Sunday, November 11, 2007

Fighting For Peace

[Reminder: Some of my posts, including this one, are memoirs of my abusive childhood. In this post I'm relating events that happened in the spring of 1956, when I was 6 "going on 7". The links to the right can be used to follow backward through the memoirs, or to restrict viewing to other kinds of posts.]

I didn't want to lead the peace party to the Puerto Rican neighborhood. I wanted someone else to do it. I found out very fast, like within half an hour, that wouldn't work. As I went about trying to persuade different groups of kids that they should join in the cause I was told that they wouldn't do it unless I was the leader, and then they wouldn't do it unless I beat their little group's leader in a fair fight.

I should explain that a little better. All over the Anglo neighborhoods of Fort Devens the kids formed small groups. You couldn't really call them gangs. Packs might be a better description. Each pack had 5 to 10 kids and they all had a clear leader. And as I tried to draw each such pack into the truce plan, I was told by each they would join if and only if I fought their leader and won.

This was the most insane, crazy, stupid, idiotic crap I'd ever heard from anyone outside of my own insane parents. I wanted to lead a peace army. To get followers I had to fight people? Stupid.

I pointed out to these morons that I was not yet 7 and a lot of these leaders were between 9 and 11. They said if I didn't beat them in a fair fight they wouldn't join. I said how could it be fair, if I'm up against someone 4 years older and almost twice as big? They said, well..., we'll let you pick the rules of the fight.

So I said, OK, clean wrestling, no punching. And that's what I did. I went from one pack to another, drawing each into my cause, by defeating leader after leader in wrestling matches. Altogether I fought enough leaders successfully that I gathered up about 55 followers. That means I probably had to win about 7 or 8 of these wrestling matches. I remember one in particular was won against a big 11 year-old. I'll call him Jim. Jim became my second in command.

Jim tried to analyze my ability to win all those wrestling matches. He noticed that I would start each match as if I was right-handed, and then surprise my opponent with ambidexterity.

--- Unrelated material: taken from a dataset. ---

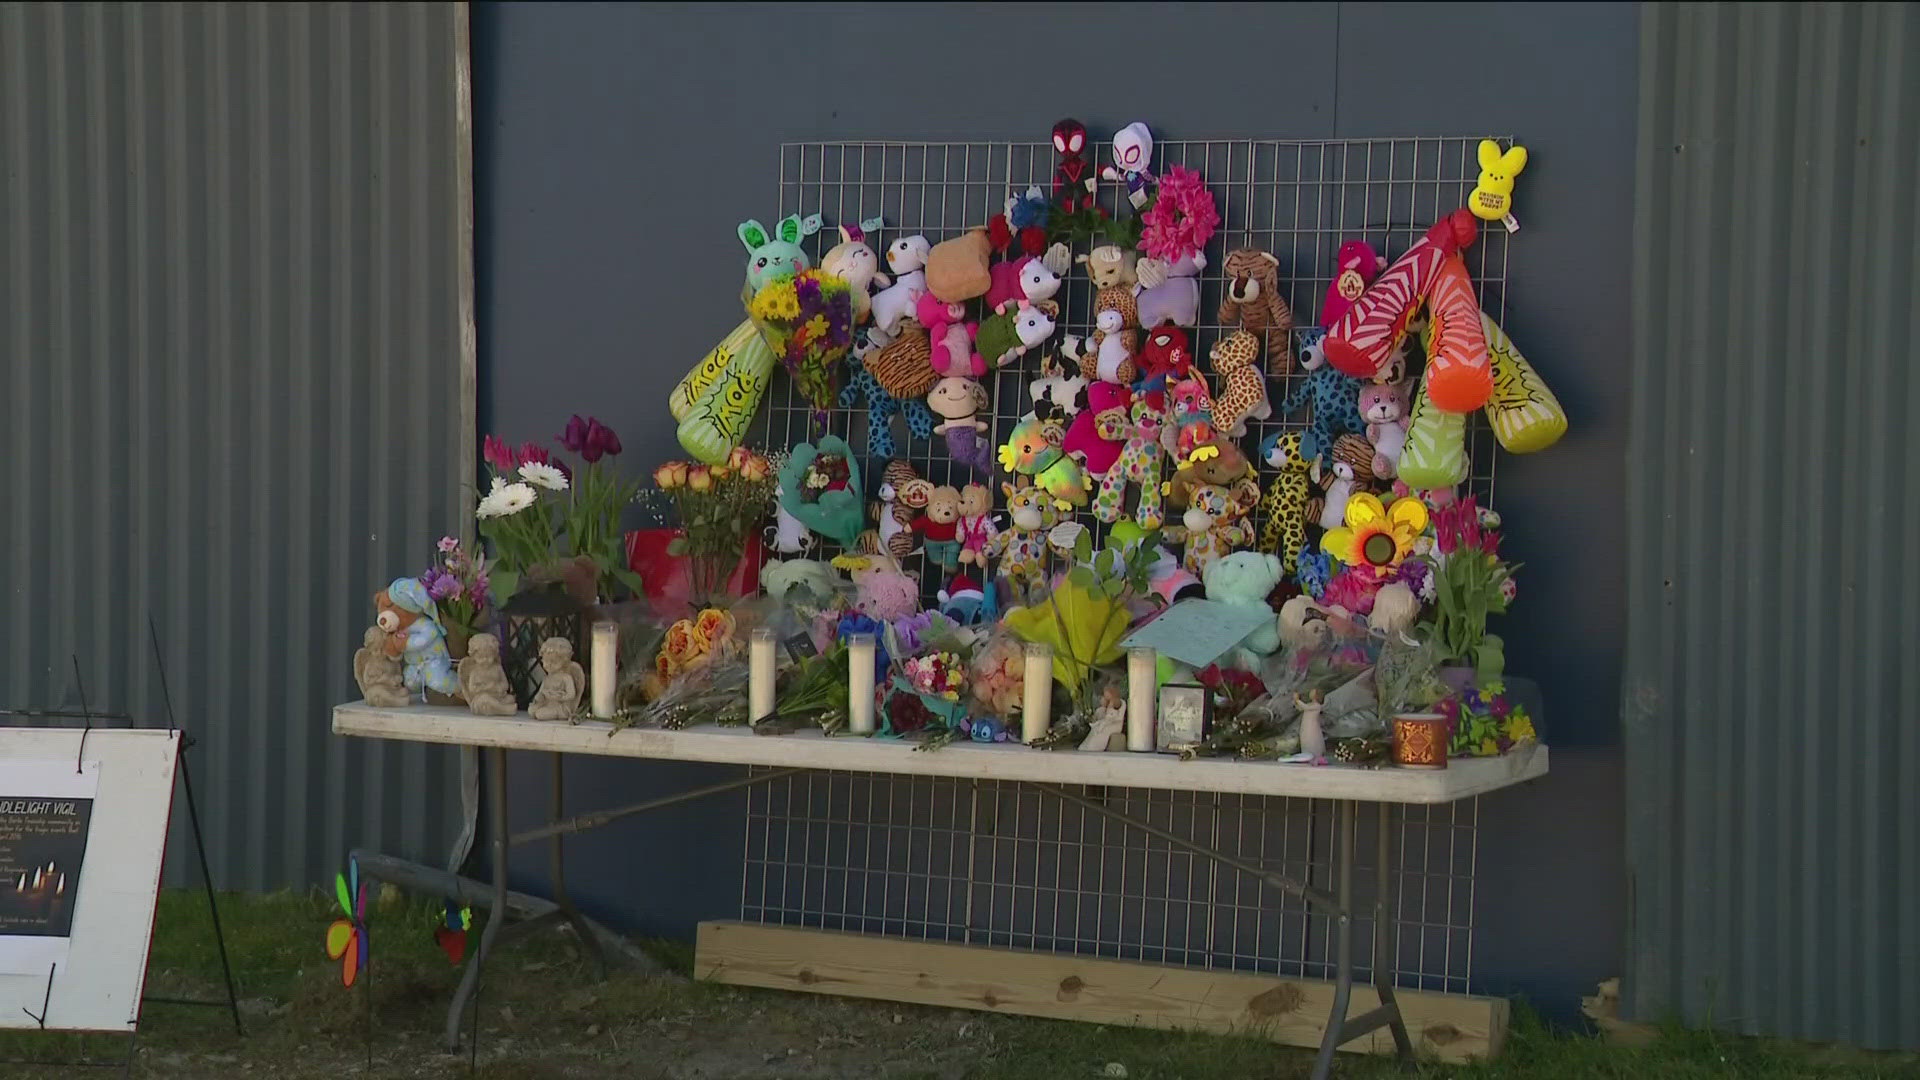 Monroe County residents say the tragedy is still hurtful for the community. The grief is felt by people all across the country, too.

In fact, I was ambidextrous. Ordinarily I divided tasks up by hand. I used my right to draw and to use scissors; I used my left hand to write and keep time with songs. But in the excitement of the fights and with both Alex (who preferred the left) and Kona (who preferred the right) active and alert, the two could be integrated and at the same time independent. My opponents probably felt like they were wrestling two of me.

But I thought I had another good explanation. I told Jim that because the cause was peace, God was on my side. Jim repeated the view, already stated many times, that I was crazy.

I was crazy, but after two hours and 7 or 8 wrestling matches I had a peace army of 55 kids aged 6 to 11, and all but one was marching with me to the Puerto Rican neighborhood to offer terms of truce. The other one was already hurrying on ahead to take the news of our march to the Puerto Ricans in advance. He'd been sent half an hour earlier, so they they could know we were coming and could meet us on the boundary of their territory with an equivalent group of their own.

There was no point, I thought, in negotiating with just the first stray Puerto Rican we might encounter. We needed to talk to as many as possible. The idea was to negotiate a truce with all of them.

In hindsight that may have been a poor decision on my part.

The march took about 40 minutes. It ended near the Devens sports arena, not far from the housing area where most of the Puerto Ricans lived. Their "equivalent group" had 75 members. We were outnumbered by 20.